If you're looking for some simple rule-of-thumb type hints that may affect the runtime overhead associated with garbage collection (or runtime memory management in general), I do know that this sentence seems to vaguely cover one In your question:
It is suggested that we can simplify the work of gc by setting up large slices and mappings
This can produce significant results when analyzing code. Assuming you're reading a large amount of data that needs to be processed, or you have to do some other kind of batch operation and return slices, it's not uncommon for people to write something like this:
func processstuff(input []sometypes) []resulttypes { data := []resulttypes{} for _, in := range input { data = append(data, processt(in)) } return data }
Can be easily optimized by changing the code to:
func processstuff(input []sometypes) []resulttypes { data := make([]resulttypes, 0, len(input)) // set cap for _, in := range input { data = append(data, processt(in)) } return data }
What happens in the first implementation is that you create a slice for 0 using len
and cap
. The first time you call append
, you exceed the slice's current capacity, which will cause the runtime to allocate memory. As explained here, the calculation of the new capacity is quite simple, the memory is allocated and the data is allocated and copied:
t := make([]byte, len(s), (cap(s)+1)*2) copy(t, s)
Essentially, every time you call append
when the slice to be appended is full (i.e. len
== cap
), you will allocate an available Holds: (len 1) * 2
new slice of elements. Knowing that in the first example data
starts with len
and cap
== 0, let's see what this means:
1st iteration: append creates slice with cap (0+1) *2, data is now len 1, cap 2 2nd iteration: append adds to data, now has len 2, cap 2 3rd iteration: append allocates a new slice with cap (2 + 1) *2, copies the 2 elements from data to this slice and adds the third, data is now reassigned to a slice with len 3, cap 6 4th-6th iterations: data grows to len 6, cap 6 7th iteration: same as 3rd iteration, although cap is (6 + 1) * 2, everything is copied over, data is reassigned a slice with len 7, cap 14
If the data structures in the slice are large (i.e. many nested structures, lots of indirection, etc.), then this frequent reallocation and copying can become quite expensive. If your code contains a lot of these loops, it will start to show up in pprof (you'll start seeing a lot of time spent calling gcmalloc
). Additionally, if you were processing 15 input values, your data slice would end up looking like this:
dataslice { len: 15 cap: 30 data underlying_array[30] }
This means that you will allocate memory for 30 values when you only need 15, and you will allocate that memory into 4 progressively larger chunks, copying the data on each reallocation.

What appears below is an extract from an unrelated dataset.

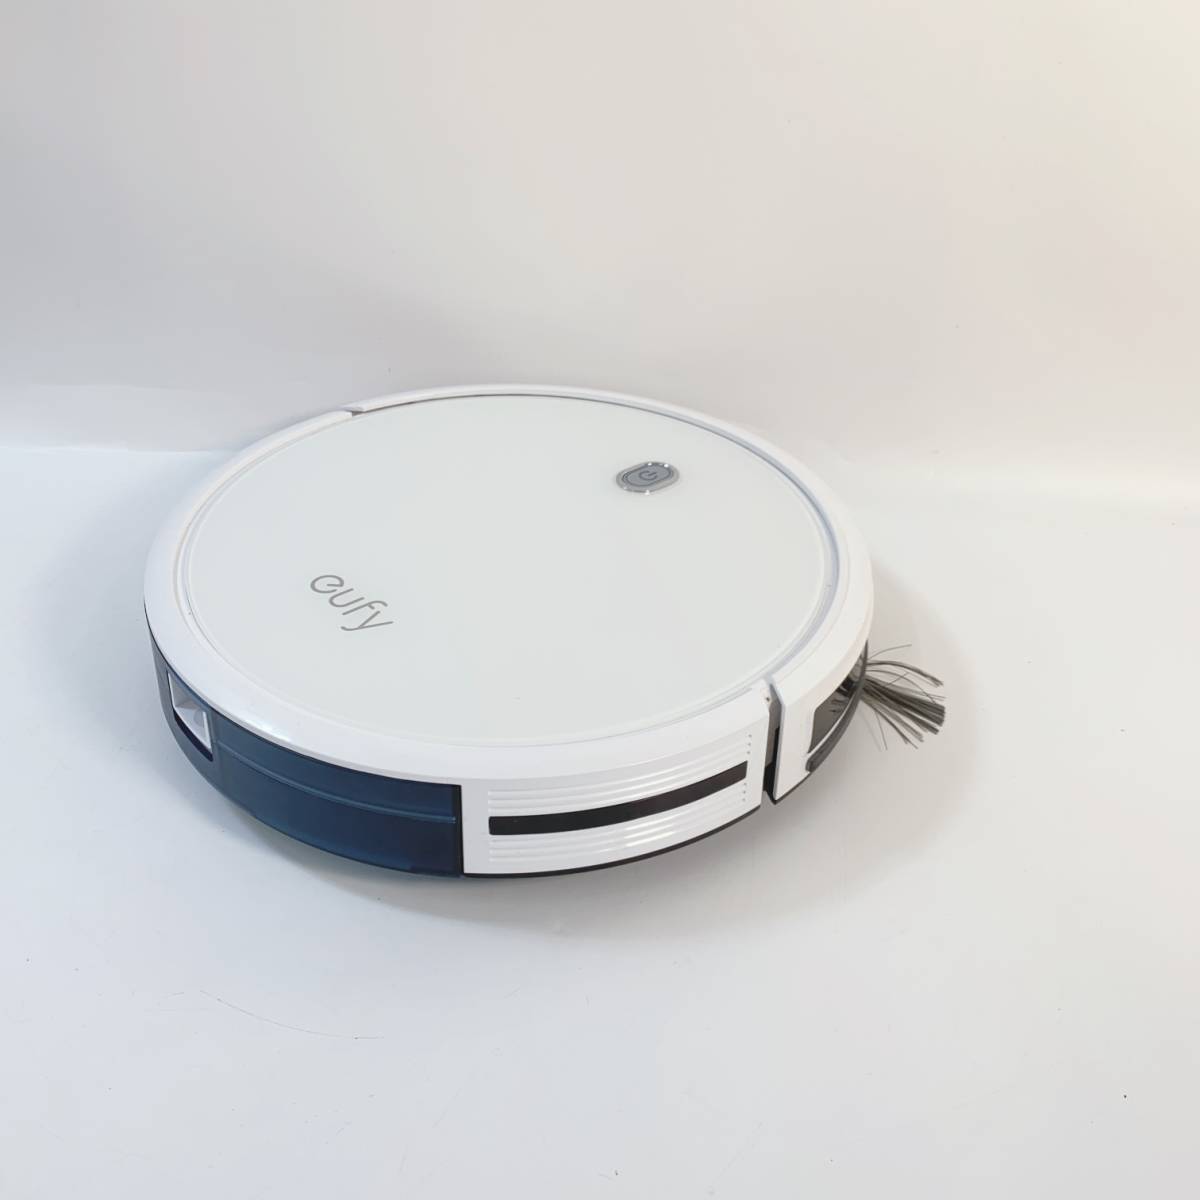 Anker Eufy RoboVac 11S robot vacuum cleaner ( white )
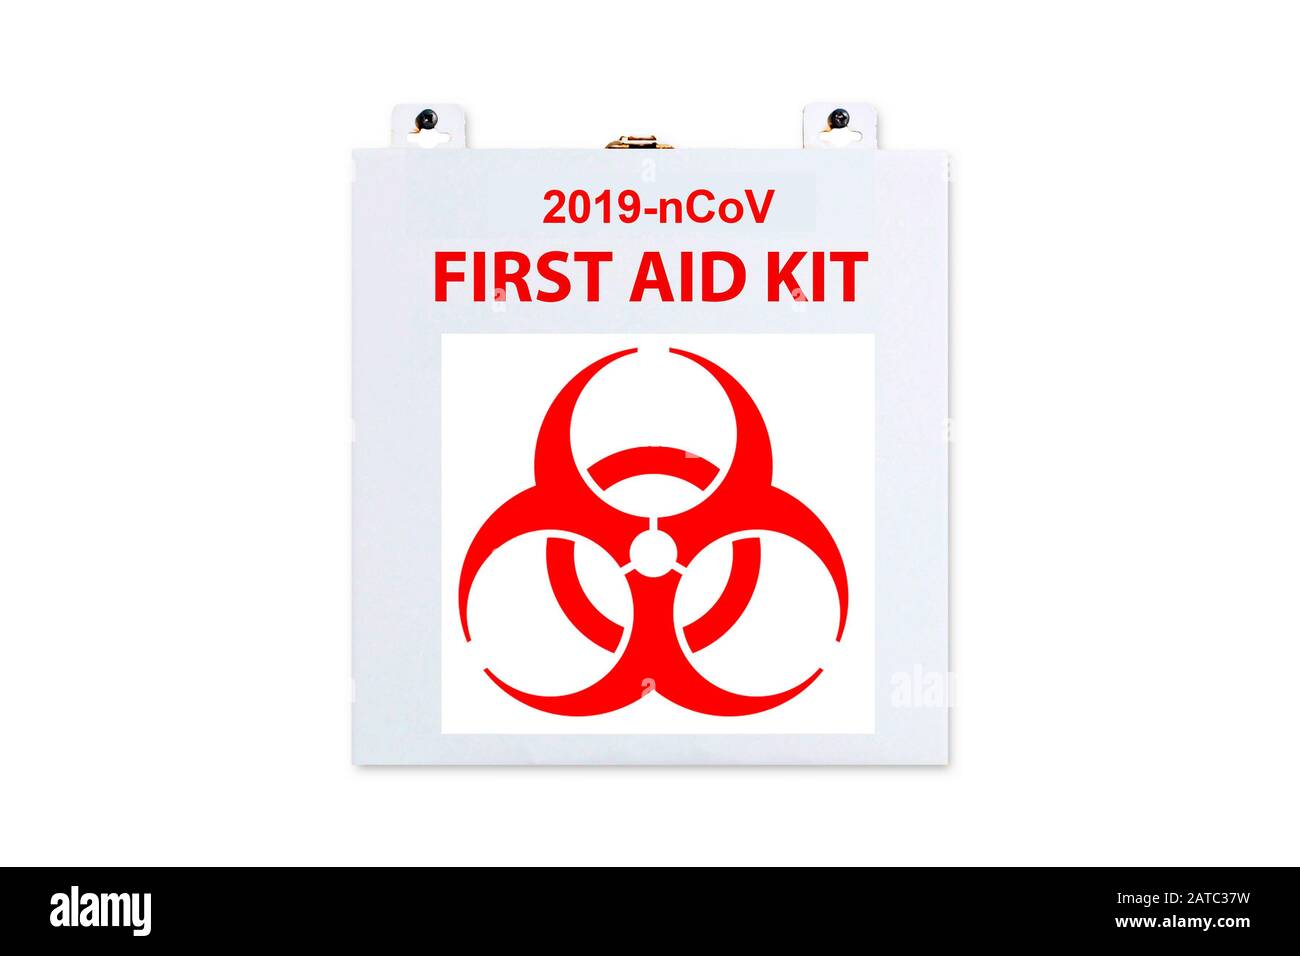 First Aid Kit, Erste Hilfe Kasten, Corona-Virus, 2019-nCoV, Stock Photo

In contrast, the second implementation will allocate a data piece like this before the loop:
data { len: 0 cap: 15 data underlying_array[15] }
It is allocated once, so no reallocation and copying are required, and the returned slice will occupy half of the memory space. In this sense, we first allocate larger memory blocks at the beginning to reduce the number of incremental allocation and copy calls required later, which overall reduces the runtime cost.
这是一个公平的问题。这个例子并不总是适用。在这种情况下,我们知道需要多少个元素,并且可以相应地分配内存。有时,世界并不是这样运作的。如果您不知道最终需要多少数据,那么您可以:
不,将一个简单的切片变量设置为 nil 在 99% 的情况下不会产生太大影响。创建和附加到地图/切片时,更可能产生影响的是通过使用 make()
+ 指定合理的 cap
值来减少无关分配。其他可以产生影响的事情是使用指针类型/接收器,尽管这是一个需要深入研究的更复杂的主题。现在,我只想说,我一直在开发一个代码库,该代码库必须对远远超出典型 uint64
范围的数字进行操作,不幸的是,我们必须能够以更精确的方式使用小数比 float64
将允许。我们通过使用像 holiman/uint256 这样的东西解决了 uint64
问题,它使用指针接收器,并解决shopspring/decimal 的十进制问题,它使用值接收器并复制所有内容。在花费大量时间优化代码之后,我们已经达到了使用小数时不断复制值的性能影响已成为问题的地步。看看这些包如何实现加法等简单操作,并尝试找出哪个操作成本更高:
// original a, b := 1, 2 a += b // uint256 version a, b := uint256.NewUint(1), uint256.NewUint(2) a.Add(a, b) // decimal version a, b := decimal.NewFromInt(1), decimal.NewFromInt(2) a = a.Add(b)
这些只是我在最近的工作中花时间优化的几件事,但从中得到的最重要的一点是:
当您处理更复杂的问题/代码时,您需要花费大量精力来研究切片或映射的分配周期,因为潜在的瓶颈和优化需要付出很大的努力。您可以而且可以说应该采取措施避免过于浪费(例如,如果您知道所述切片的最终长度是多少,则设置切片上限),但您不应该浪费太多时间手工制作每一行,直到该代码的内存占用尽可能小。成本将是:代码更脆弱/更难以维护和阅读,整体性能可能会恶化(说真的,你可以相信 go 运行时会做得很好),大量的血、汗和泪水,以及急剧下降在生产力方面。